What It Means to Be Judgmental

Great analysis of the misused cliche by Kevin DeYoung:

Evangelical Christians are often told not to judge. If there is one verse non-Christians know (after, perhaps, some reference to the “least of these”) is that’s Jesus taught people, “Judge not, that you be not judged” (Matt. 7:1). Of course, what the casual Christian critic misses is that Jesus was not calling for a moratorium on moral discernment or spiritual evaluation. After all, he assumes five verses later that his followers will have the wherewithal to tell what sort of people in the world are dogs and pigs (Matt. 7:6).
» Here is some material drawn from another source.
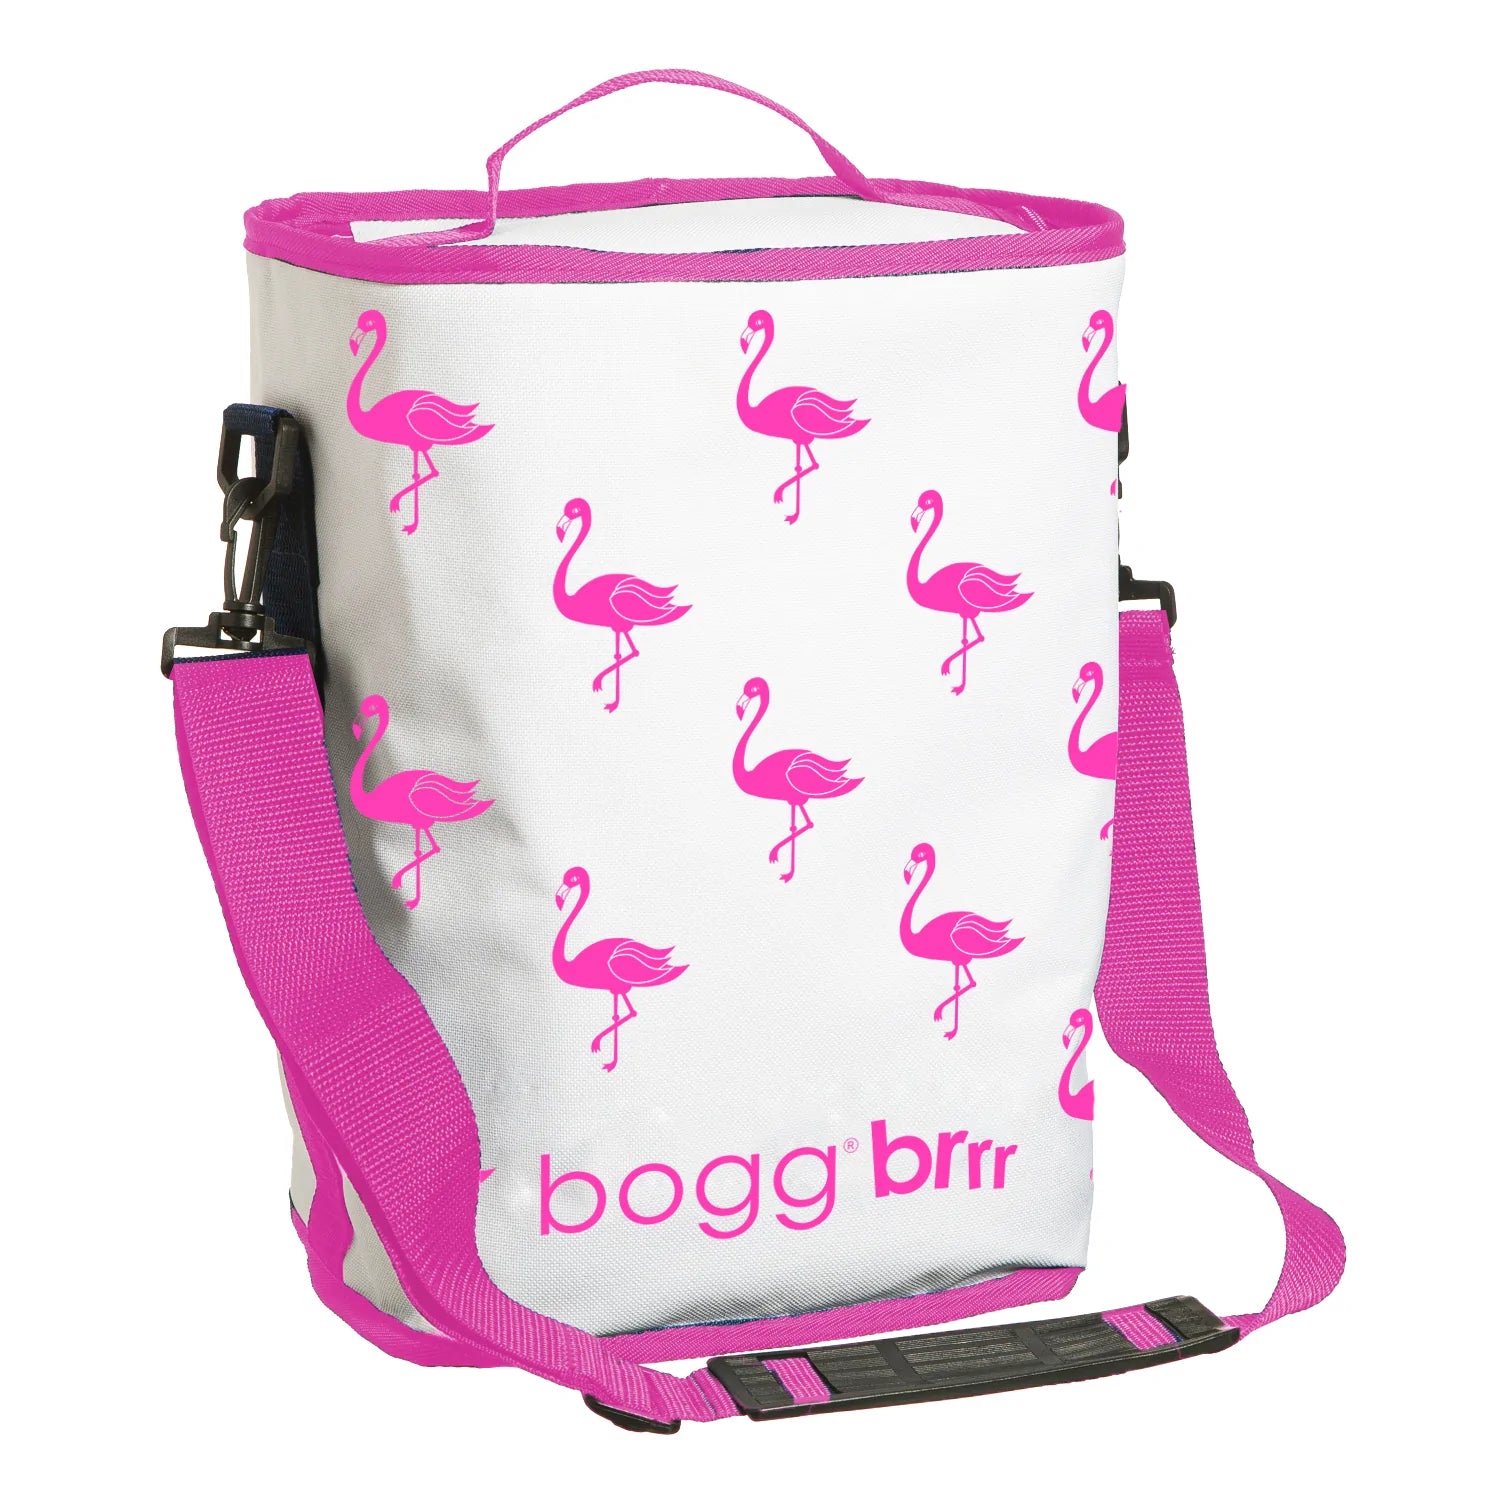 Bogg Bags Small Baby Bogg Bag - Tiffany Blue $ 69.95

Believing in the sinfulness of sin, the exclusivity of Christ, and moral absolutes does not make one judgmental. Just look at Jesus.
But this doesn’t mean Matthew 7:1 has nothing to teach conservative Christians. Like everyone else on the planet, we have a propensity to assume the worst about people, to happily pass on bad reports, and to size up individuals and situations without knowing all the facts (or even half the facts). I’m not talking about disciplining wayward church members, or having hard conversations about people caught in sin, or refusing to ever take someone’s past behavior into account, or being hopelessly naive about the way the world works, or refraining from the public exchange of ideas, or suspending all our powers of discernment until we understand something or someone with omniscience. I’m talking about the all too natural tendency to shoot first and ask questions later (or not at all).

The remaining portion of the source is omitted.